Reputation: 2475
I would like to download publicly available data from google cloud storage. However, because I need to be in a Python3.x environment, it is not possible to use gsutil. I can download individual files with wget as
wget http://storage.googleapis.com/path-to-file/output_filename -O output_filename
However, commands like
wget -r --no-parent https://console.cloud.google.com/path_to_directory/output_directoryname -O output_directoryname
do not seem to work as they just download an index file for the directory. Neither do rsync or curl attempts based on some initial attempts. Any idea of how to download publicly available data on google cloud storage as a directory?
Upvotes: 4
Views: 2290
Reputation: 2593
The approach you mentioned above does not work because Google Cloud Storage doesn't have real "directories". As an example, "path/to/some/files/file.txt" is the entire name of that object. A similarly named object, "path/to/some/files/file2.txt", just happens to share the same naming prefix.

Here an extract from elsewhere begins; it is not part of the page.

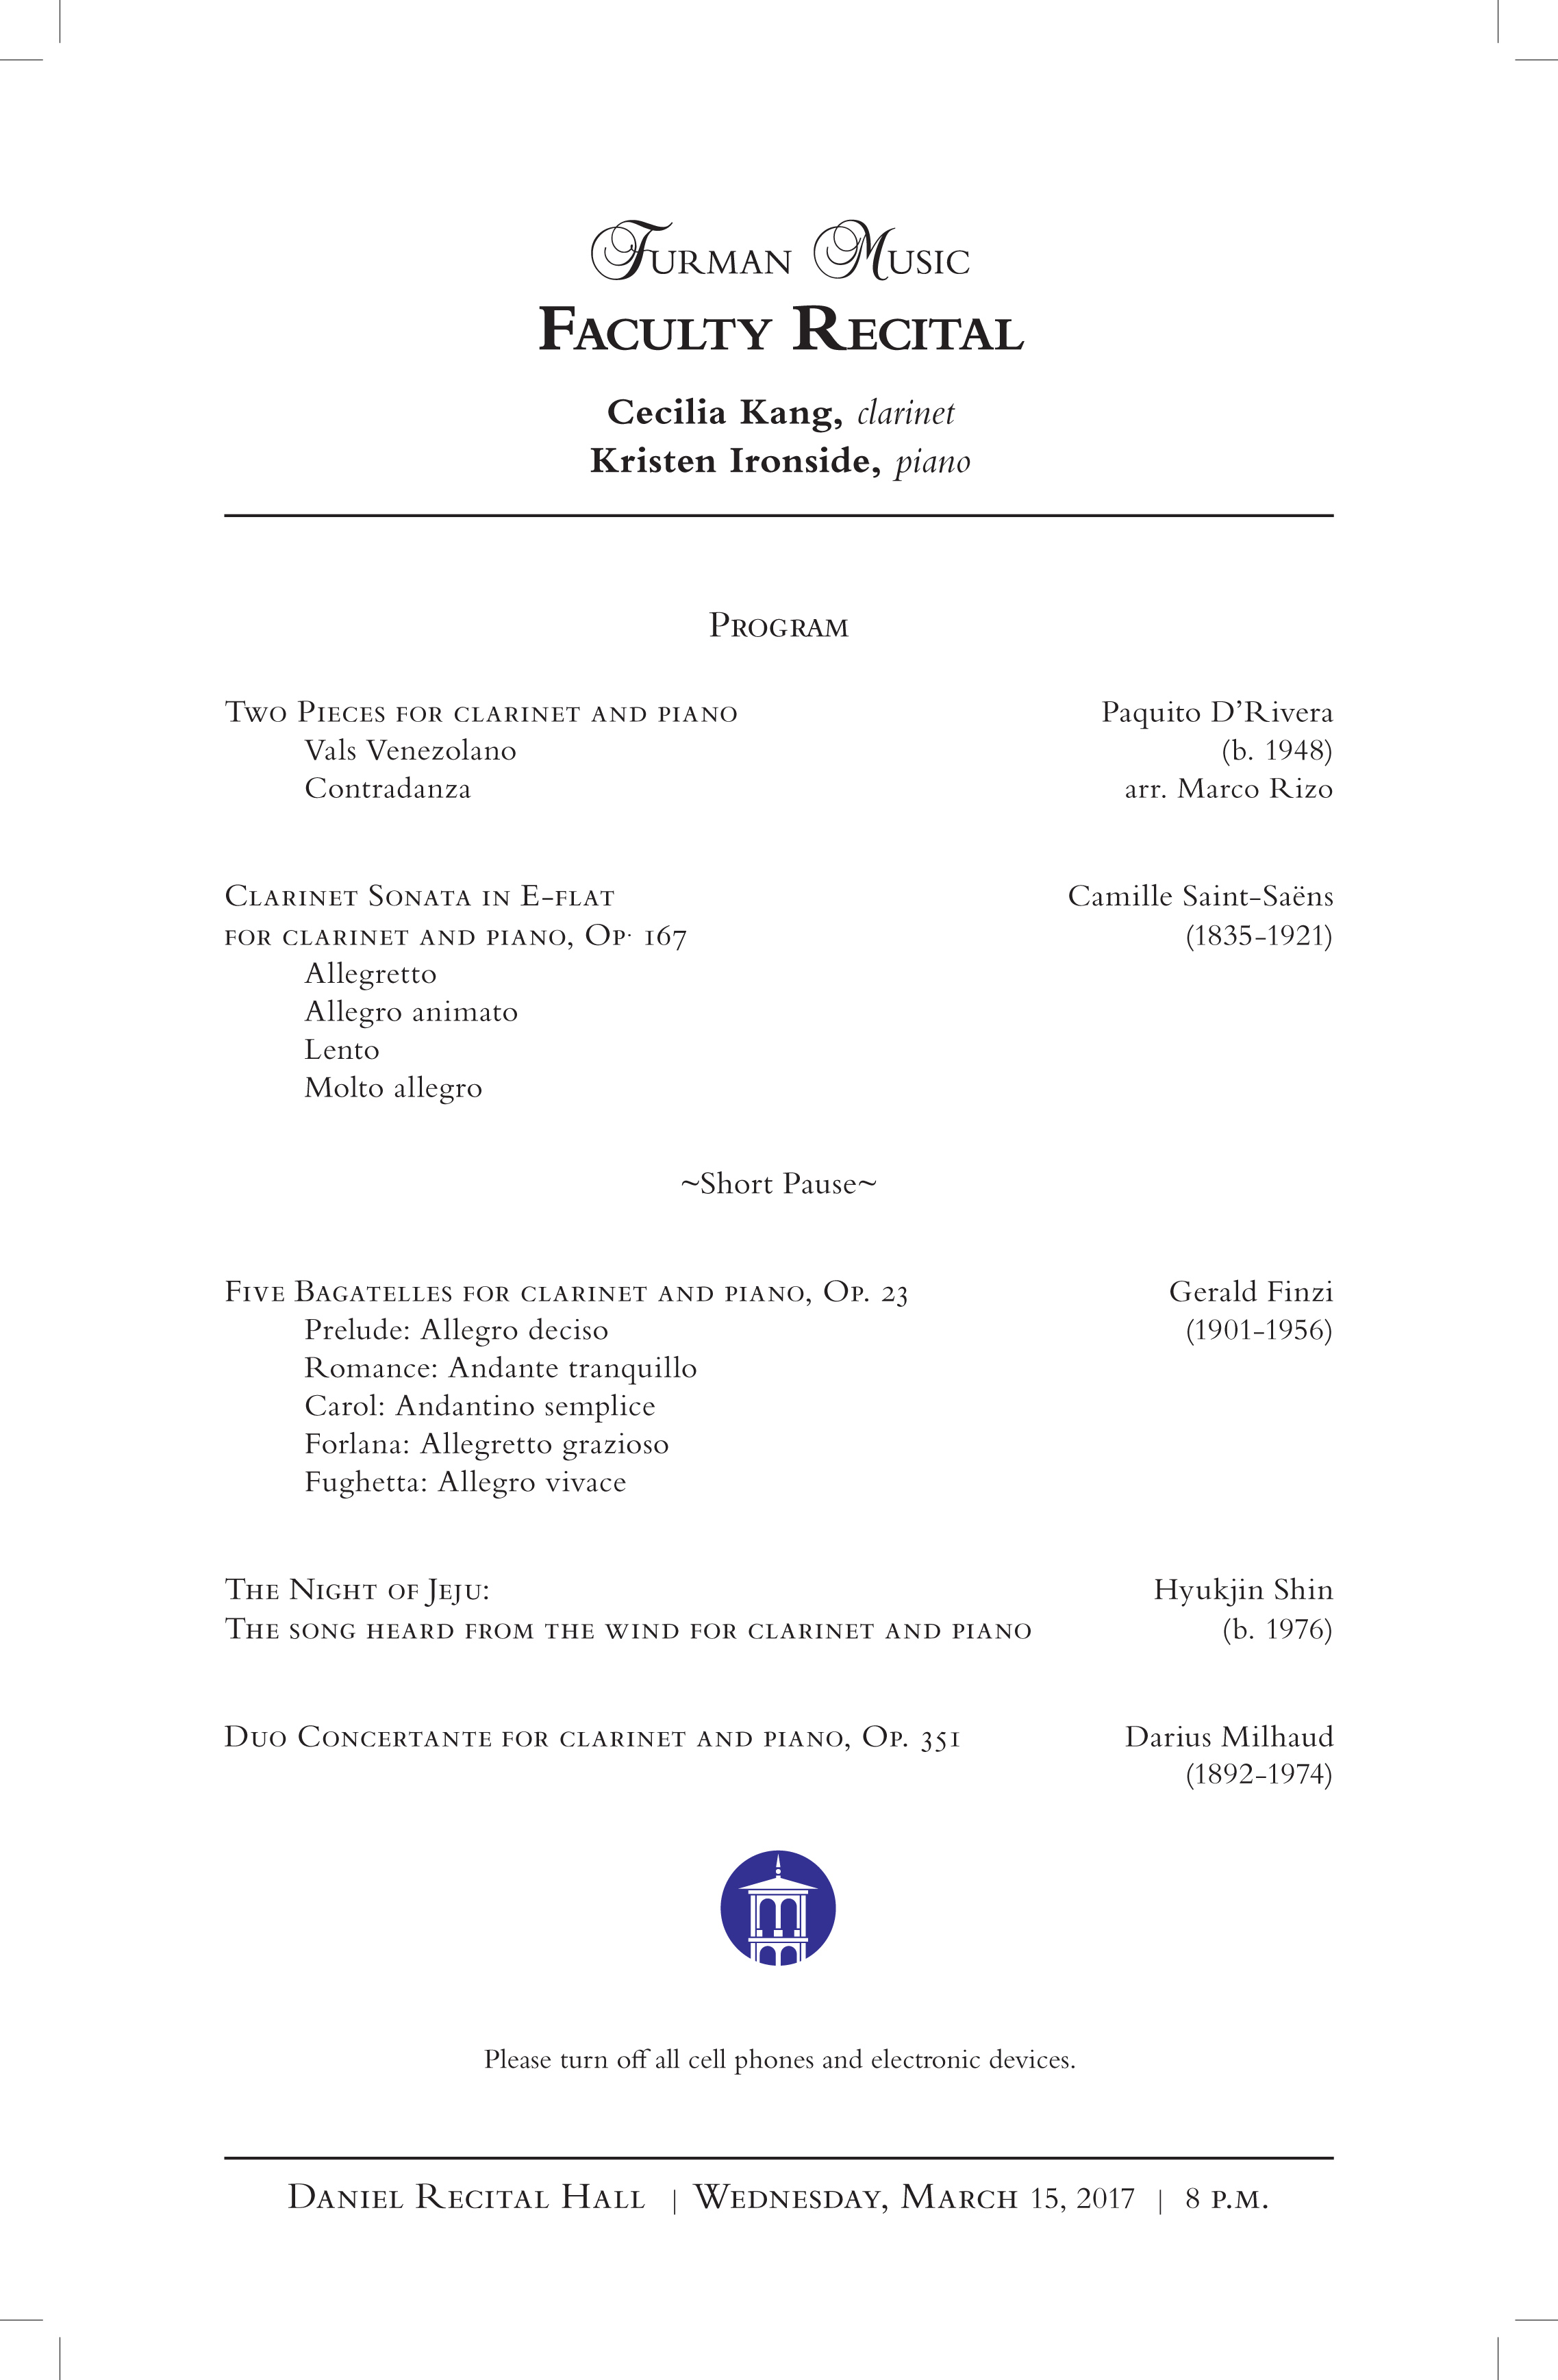 Dr.-Cecilia-Kang-Faculty-Recital-Furman-Univeristy.jpg

As for how you could fetch these files: The GCS APIs (both XML and JSON) allow you to do an object listing against the parent bucket, specifying a prefix; in this case, you'd want all objects starting with the prefix "path/to/some/files/". You could then make individual HTTP requests for each of the objects specified in the response body. That being said, you'd probably find this much easier to do via one of the GCS client libraries, such as the Python library.
Also, gsutil currently has a GitHub issue open to track adding support for Python 3.
Upvotes: 2